### WHAT IS BEING ASKED
At the line that holds "Garden Blooms by Briony Machin - Galaxy A70", start repeating, and keep going exactly through the final line of the material; include both ends and skip the pictures.

### THE DATA
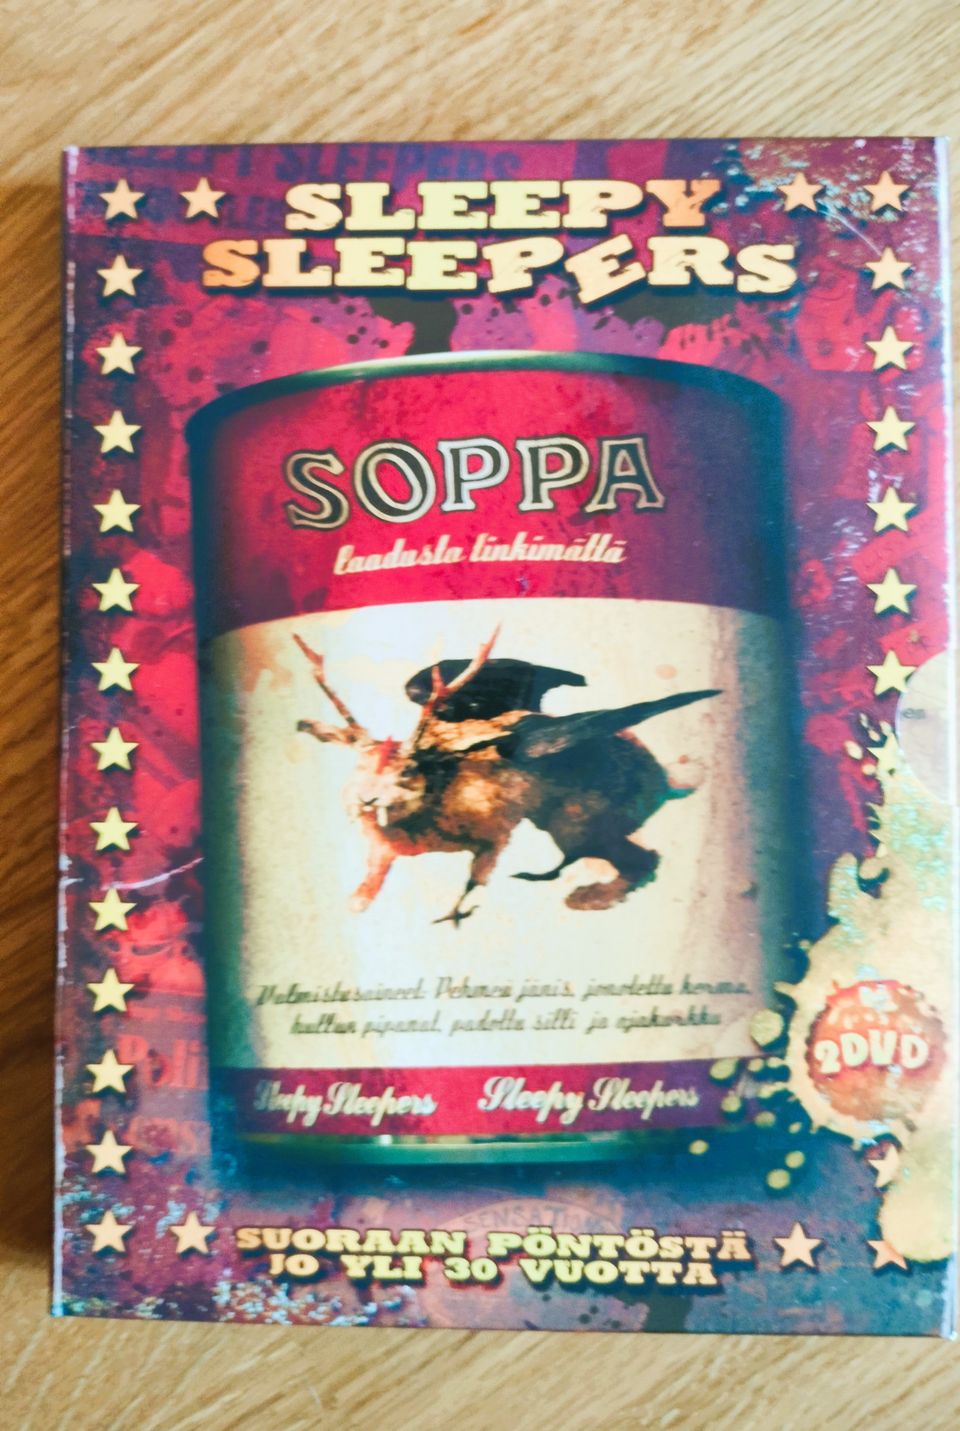 Sleepy Sleepers - Soppa DVD
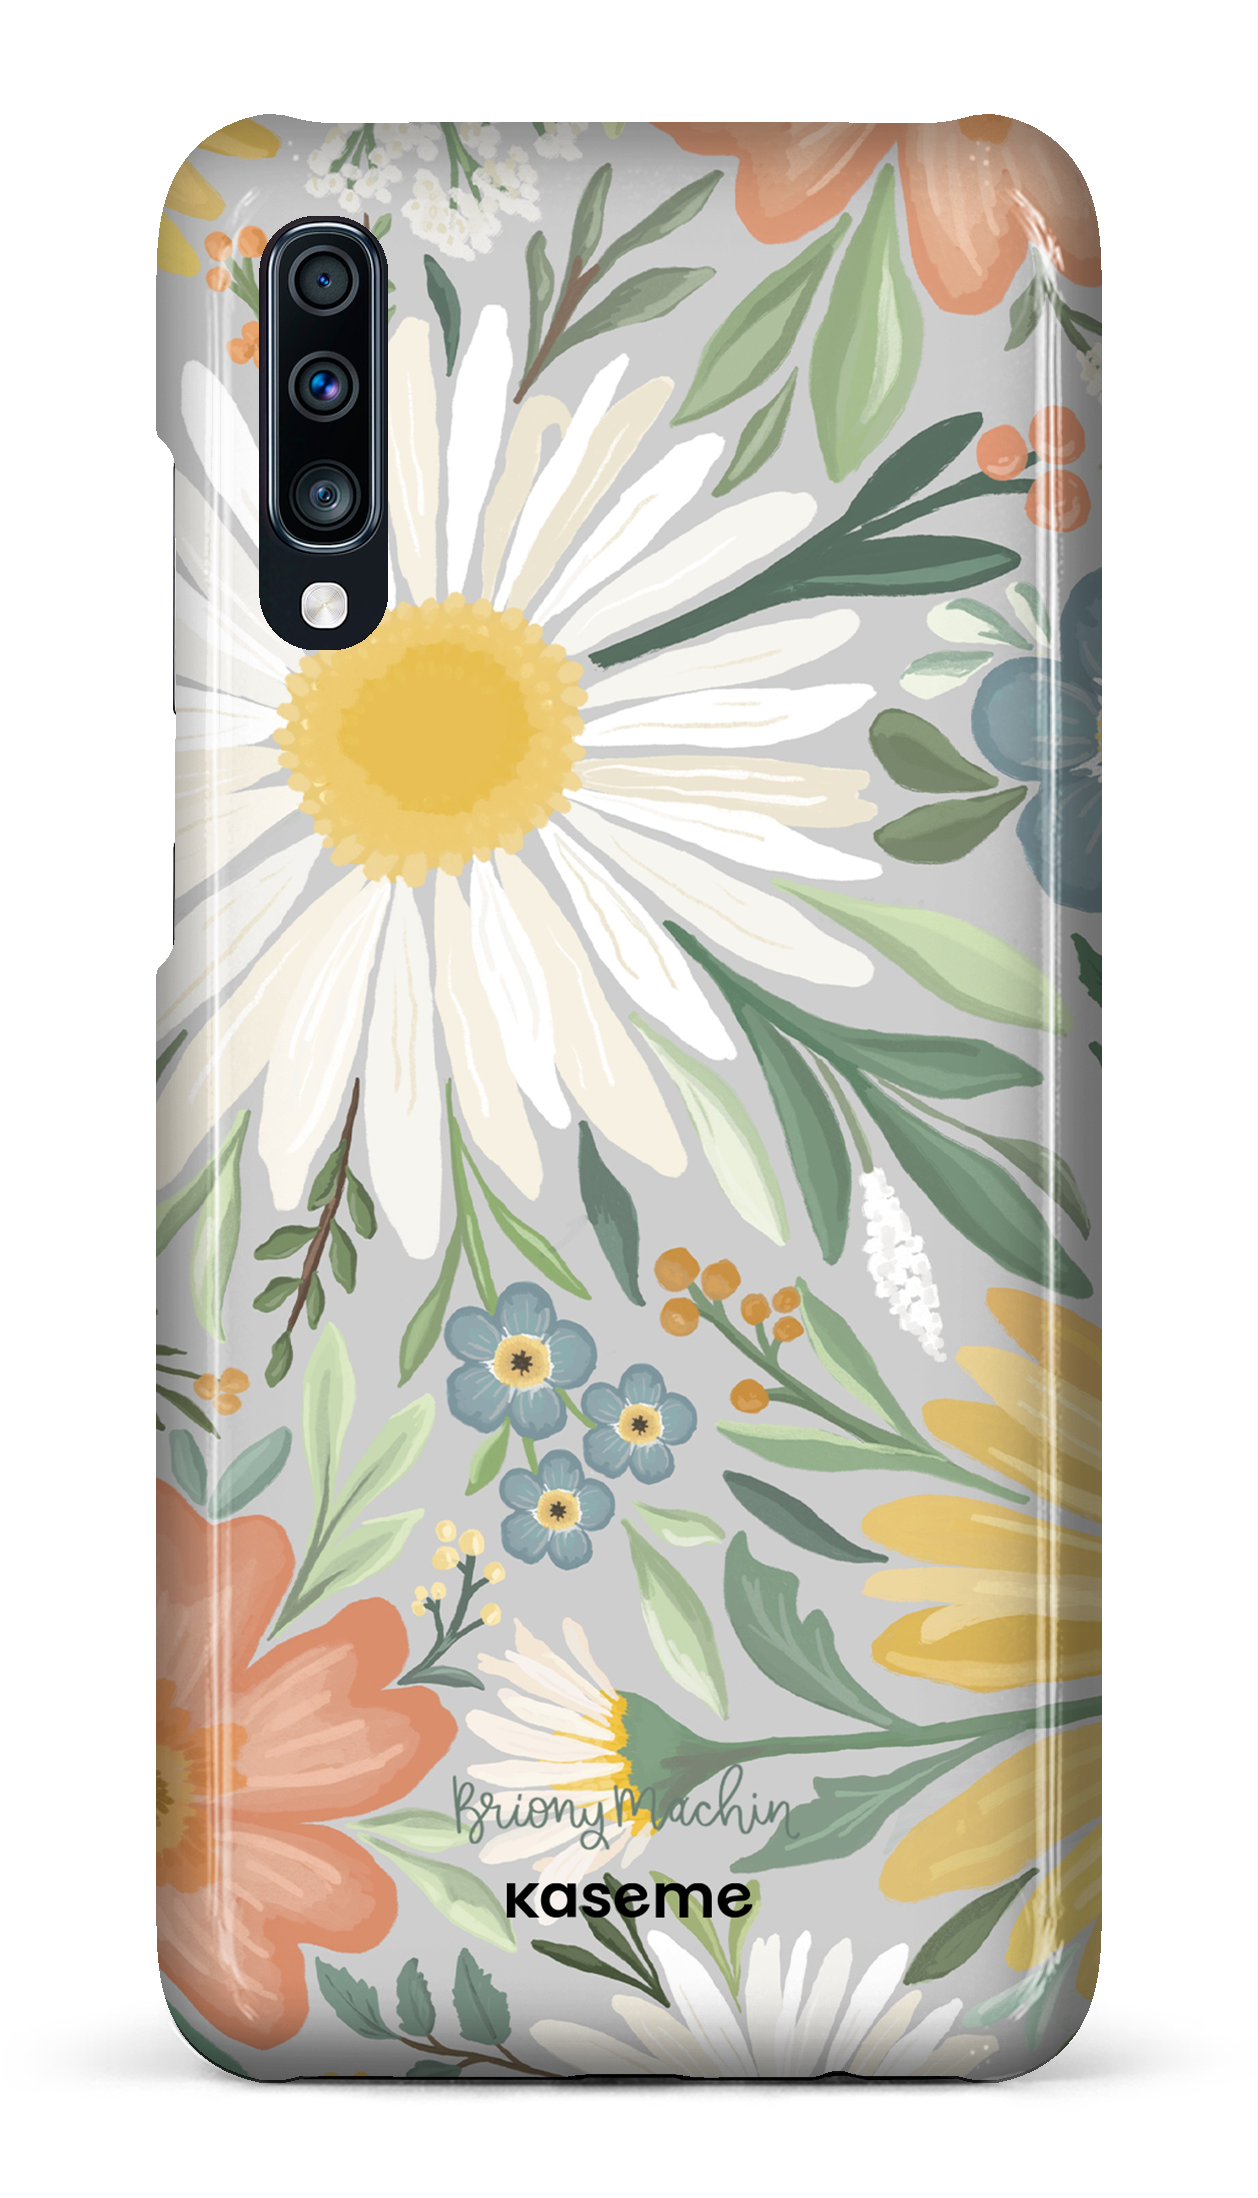 Garden Blooms by Briony Machin - Galaxy A70
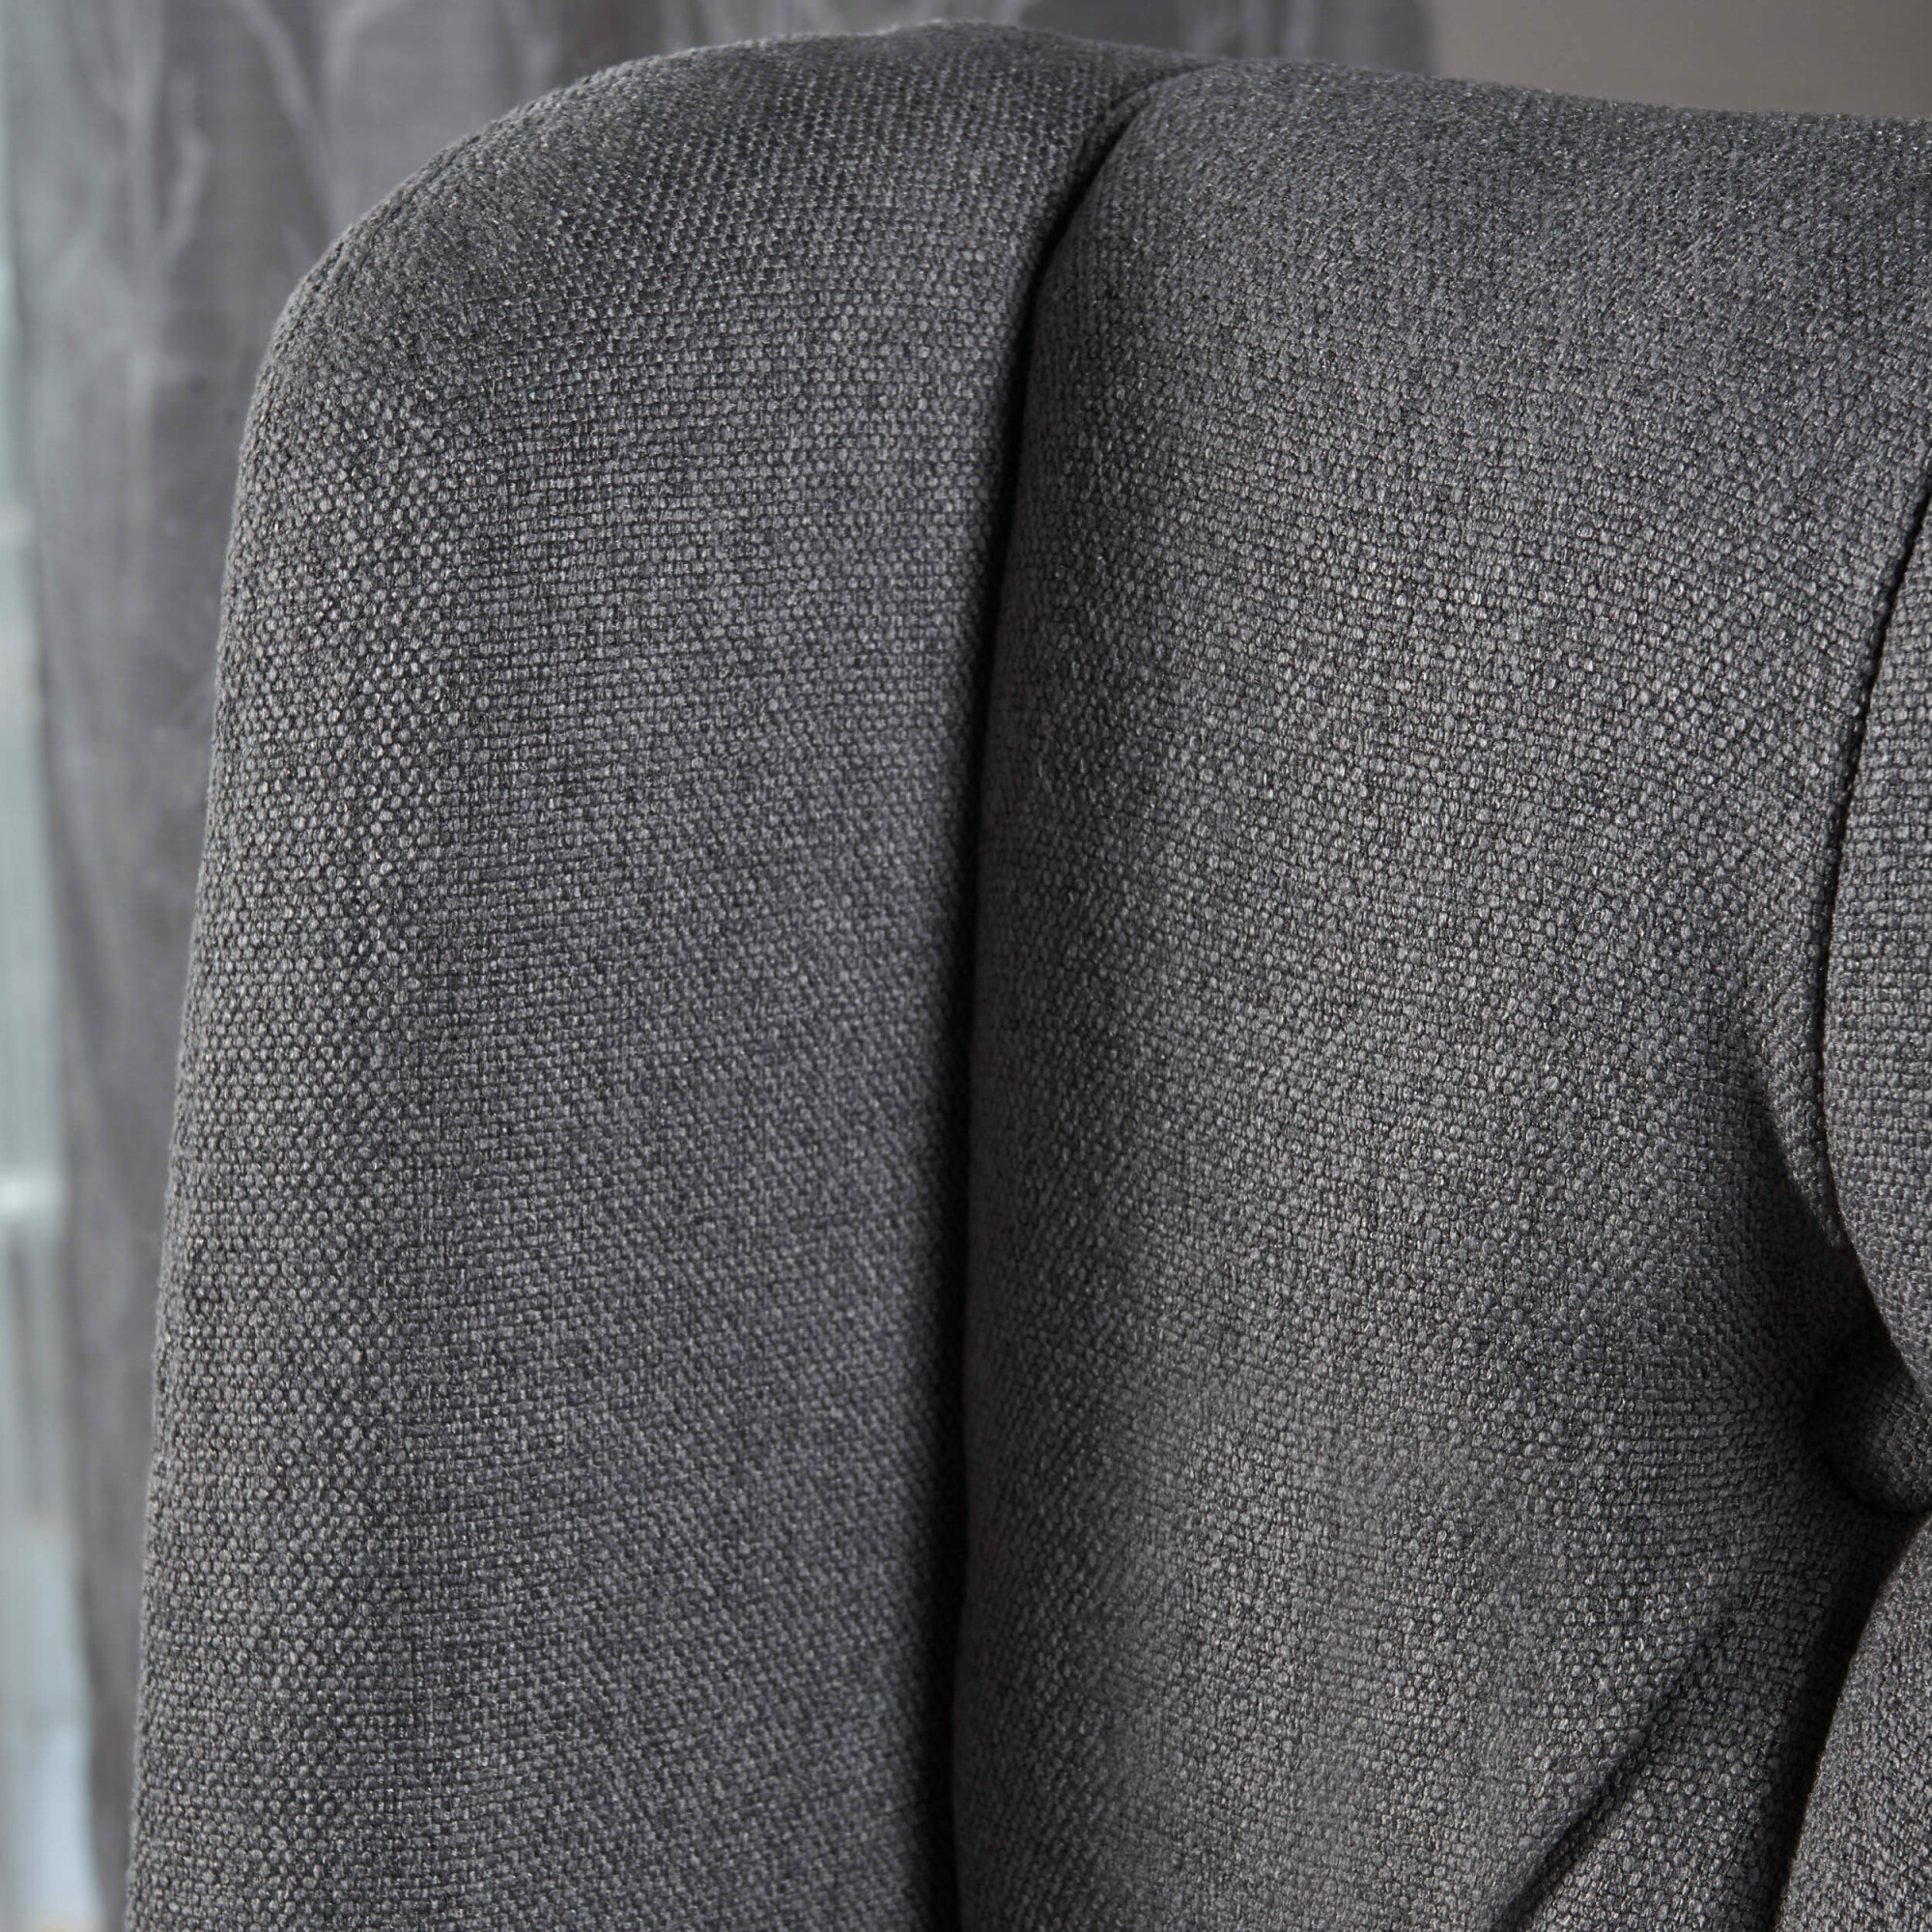 Blythe Tufted Dark Grey Fabric Dining Chairs (Set of 2) in Dark Grey ...

### RESPONSE AREA
 Garden Blooms by Briony Machin - Galaxy A70
 Blythe Tufted Dark Grey Fabric Dining Chairs (Set of 2) in Dark Grey ...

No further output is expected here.